(PROBLEM):
Would you retype exactly the lines from the one holding "Design Hotel Levi 4 - Arno De La Chapelle" through the last line of the listing, and only those, without pictures?

(COLLECTED DATA):
—————

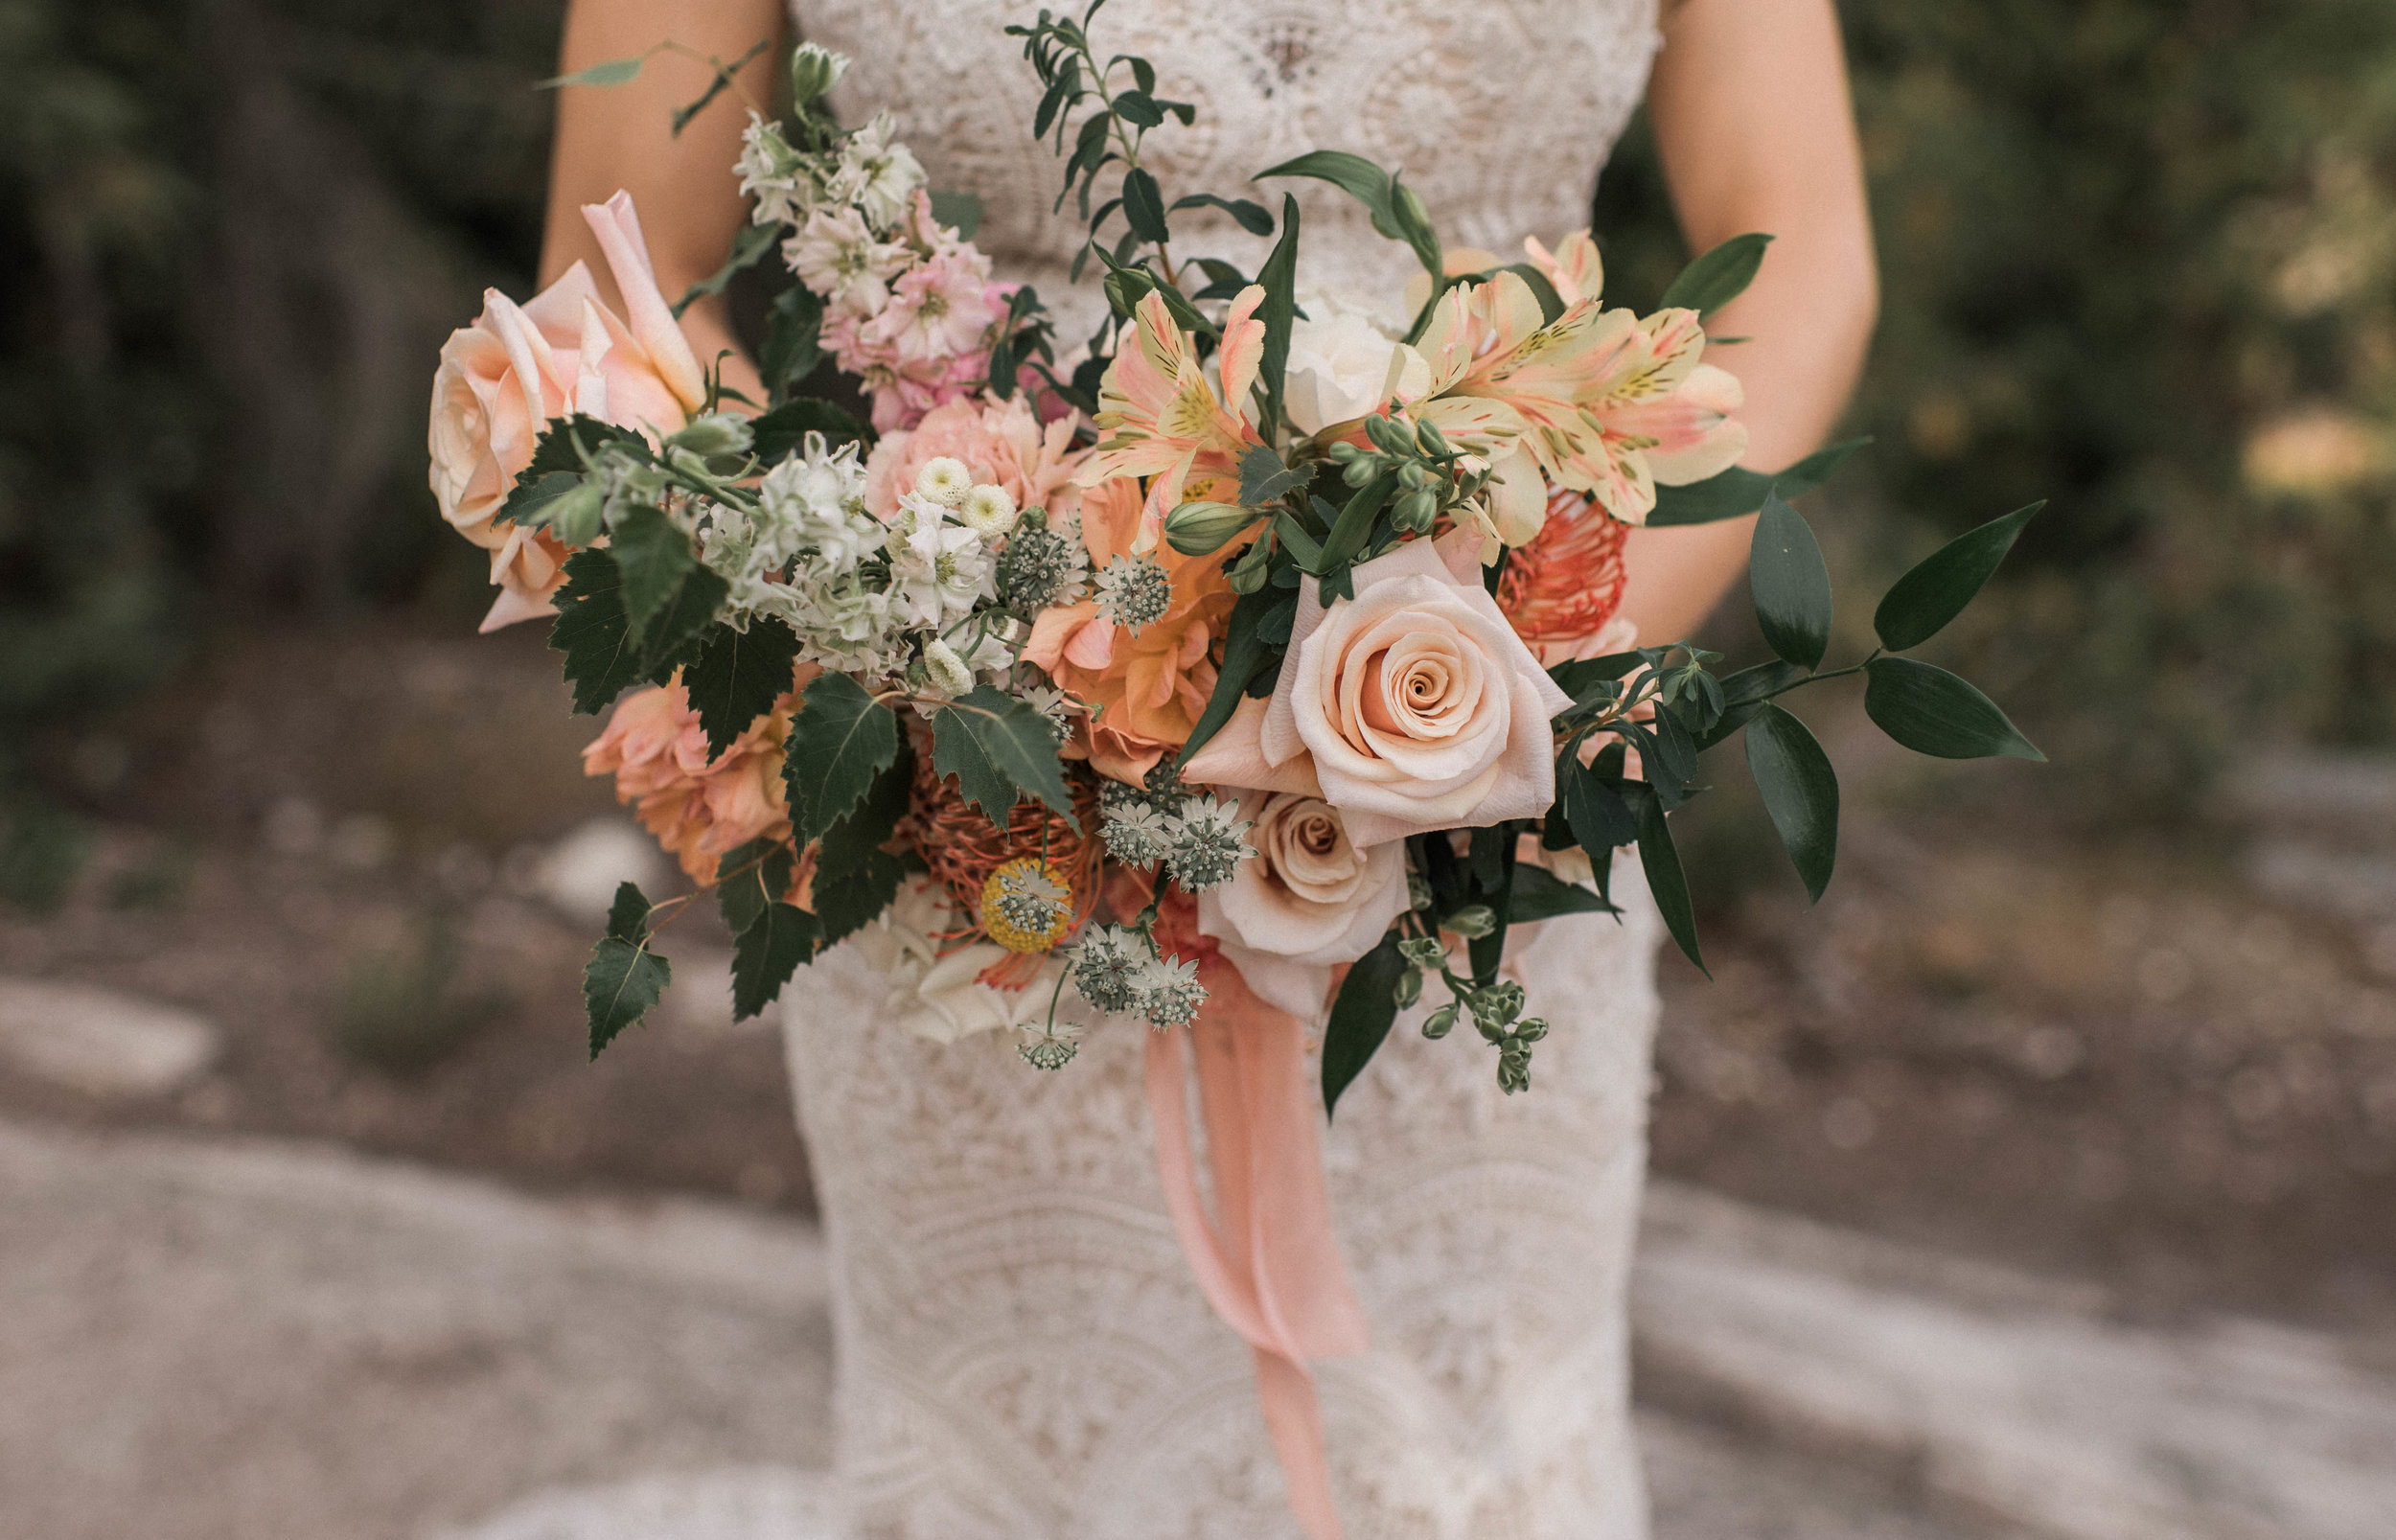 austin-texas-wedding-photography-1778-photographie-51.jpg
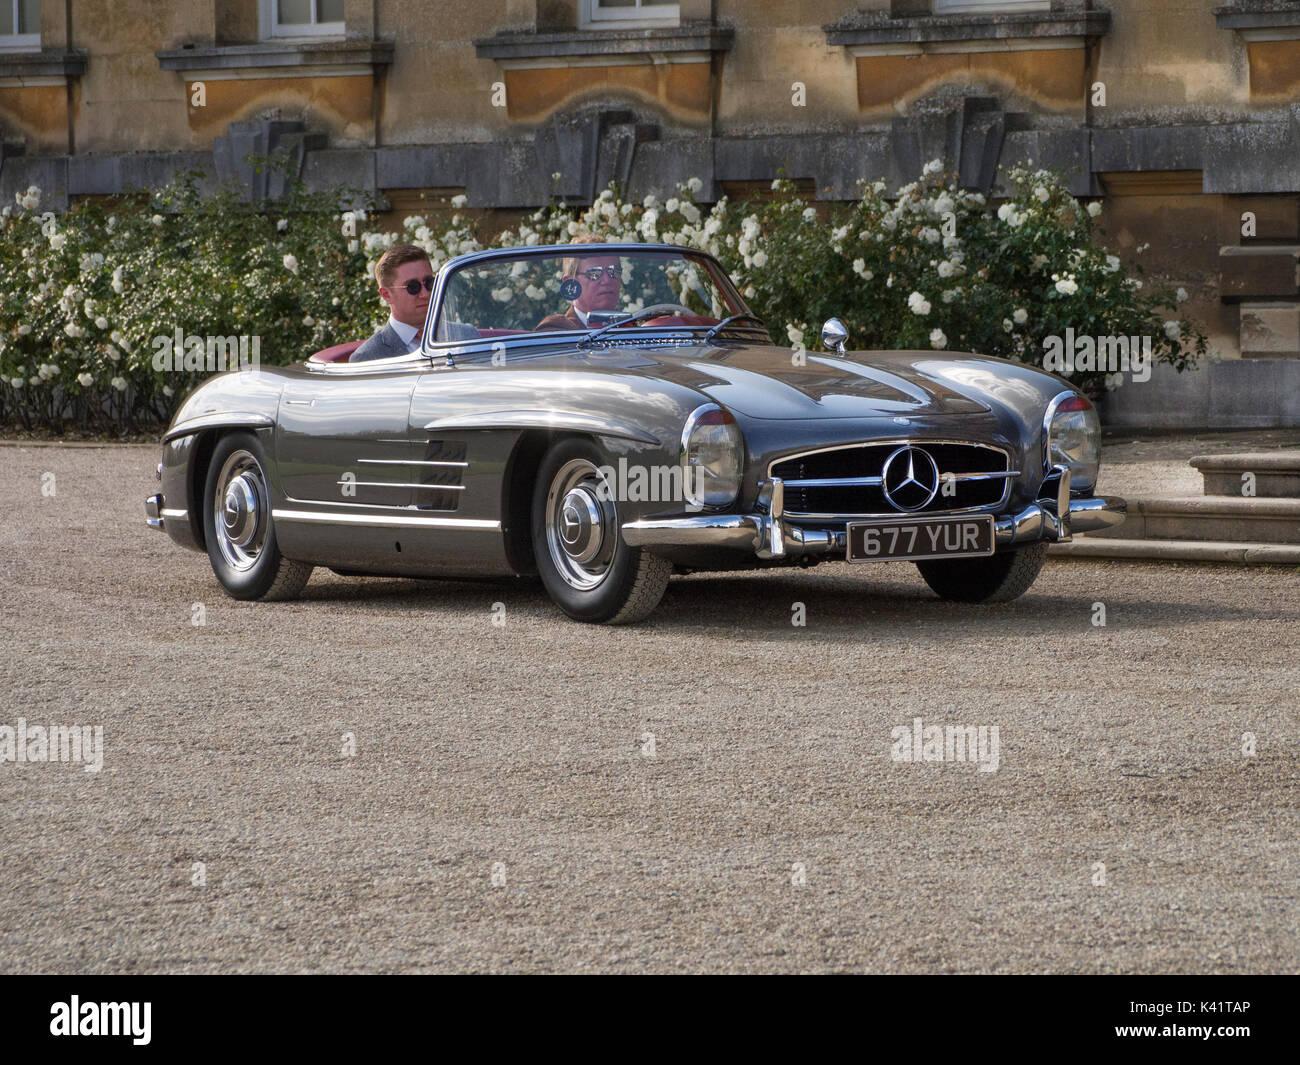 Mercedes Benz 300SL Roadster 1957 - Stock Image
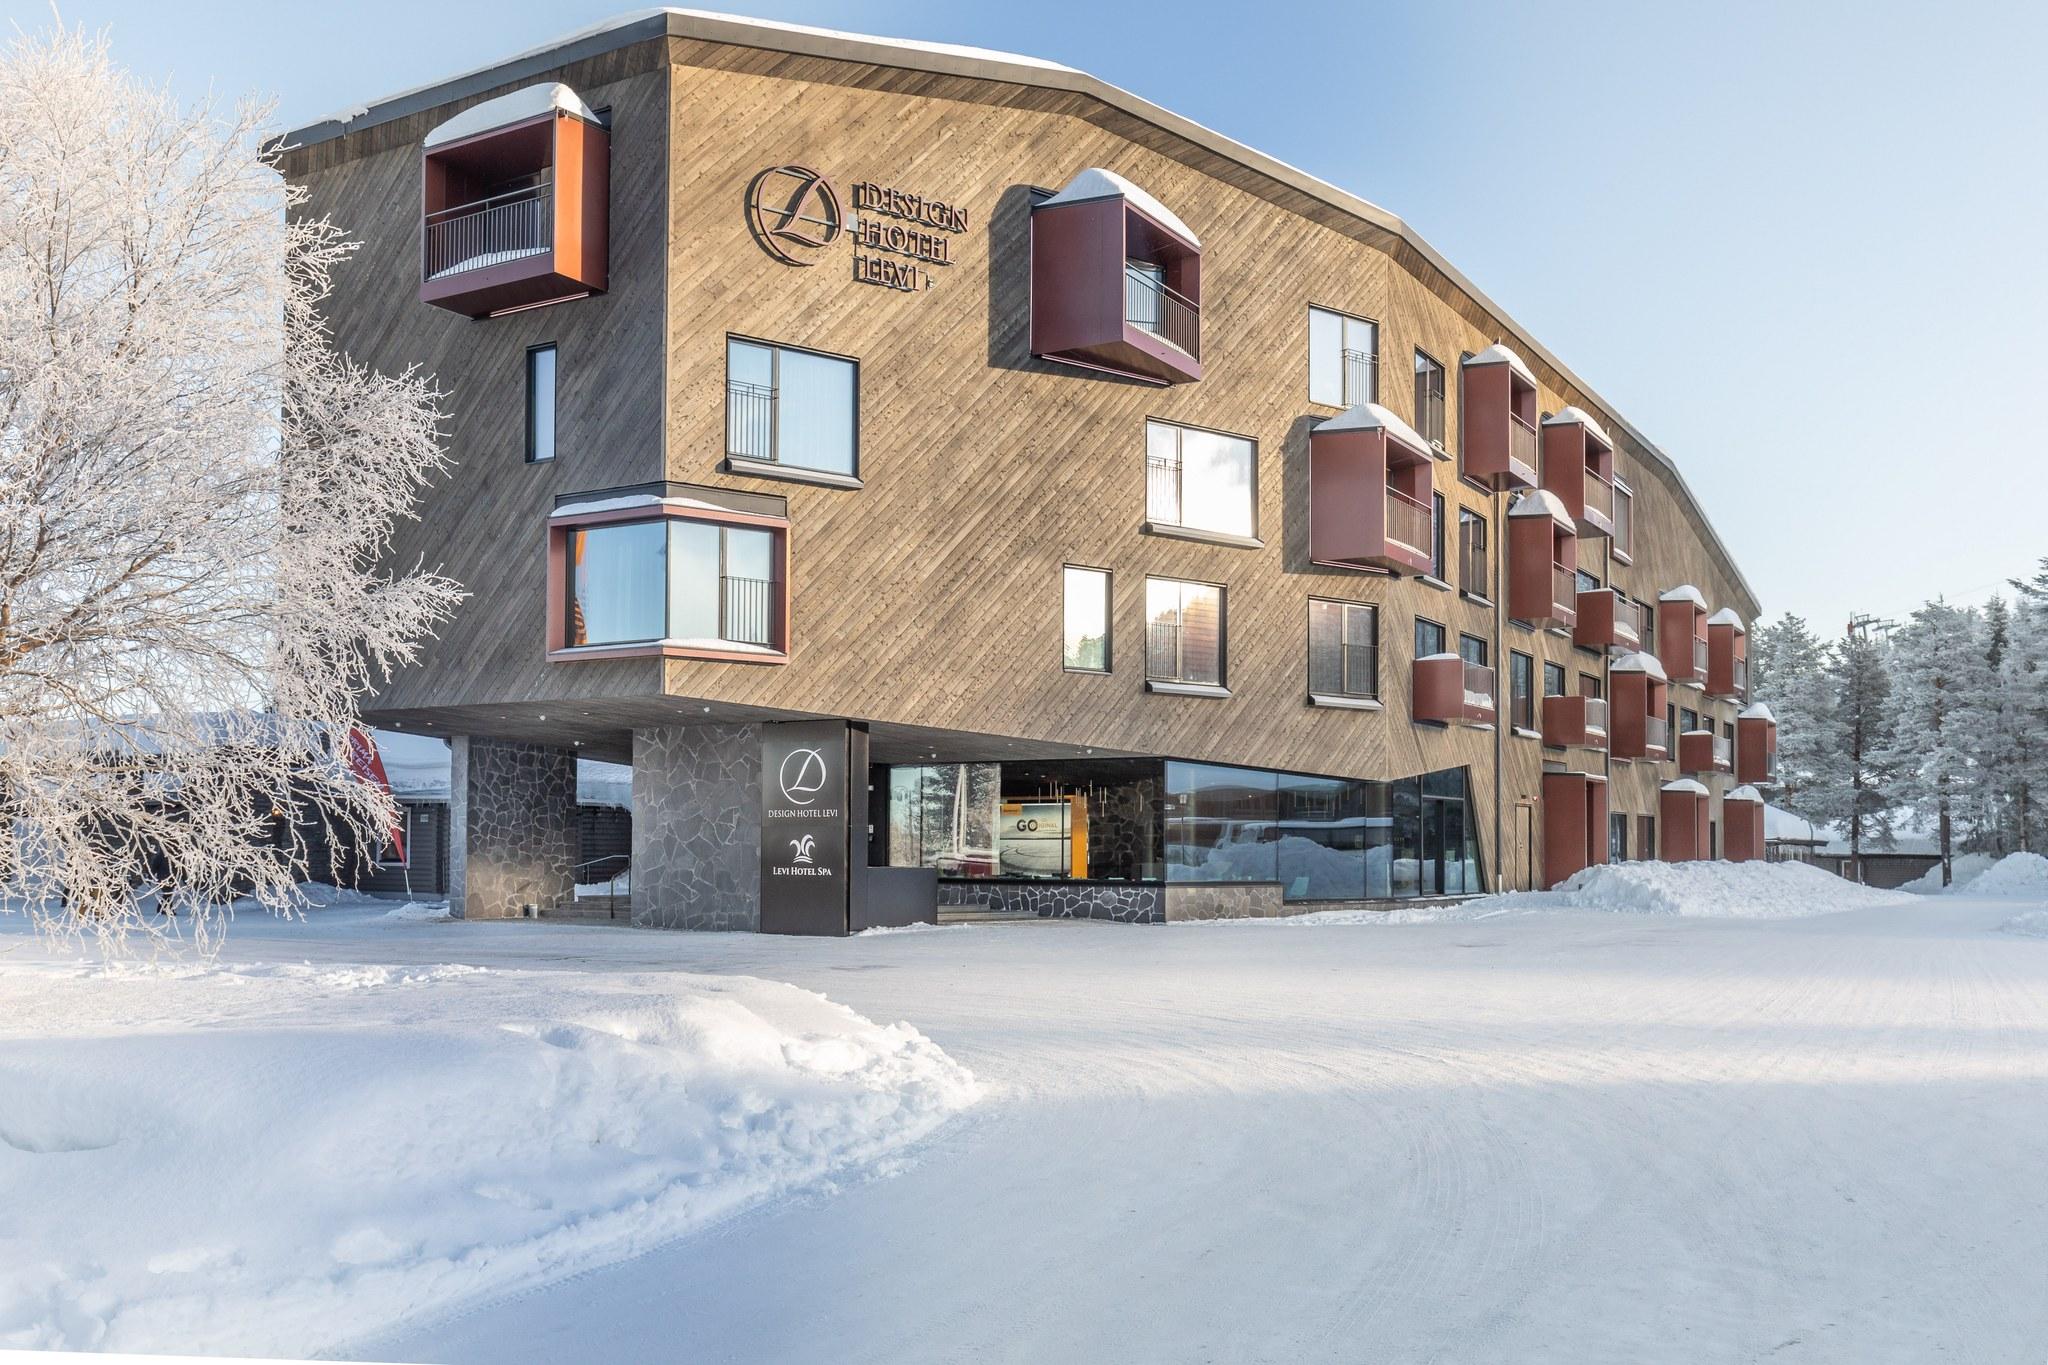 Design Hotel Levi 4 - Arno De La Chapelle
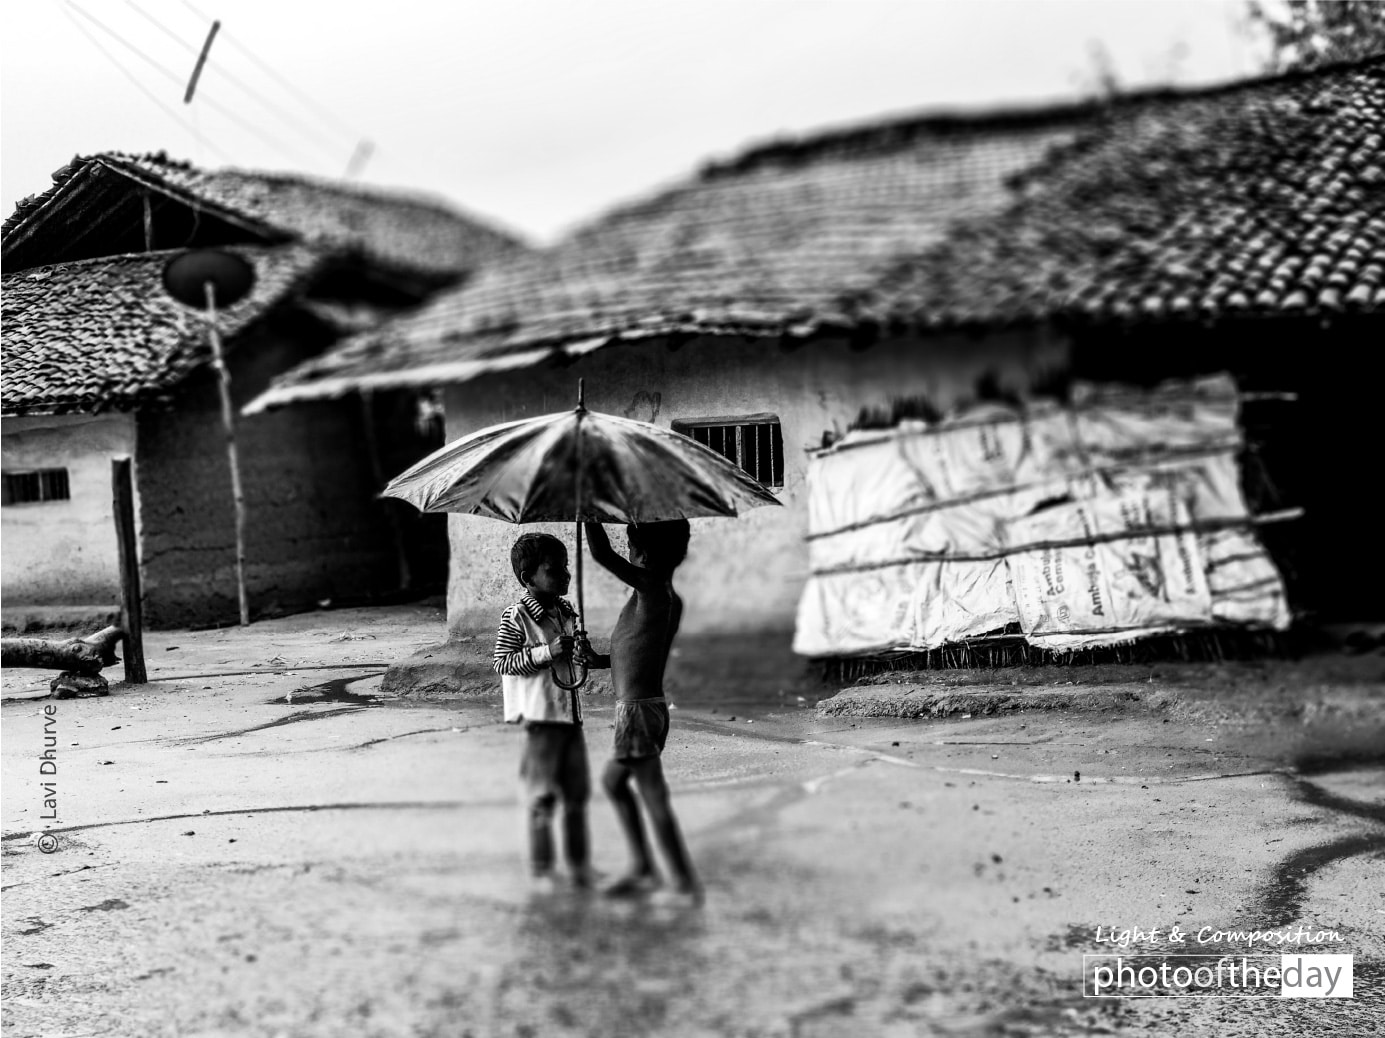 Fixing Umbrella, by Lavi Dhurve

—————

(FINISHED TASK):
 Design Hotel Levi 4 - Arno De La Chapelle
 Fixing Umbrella, by Lavi Dhurve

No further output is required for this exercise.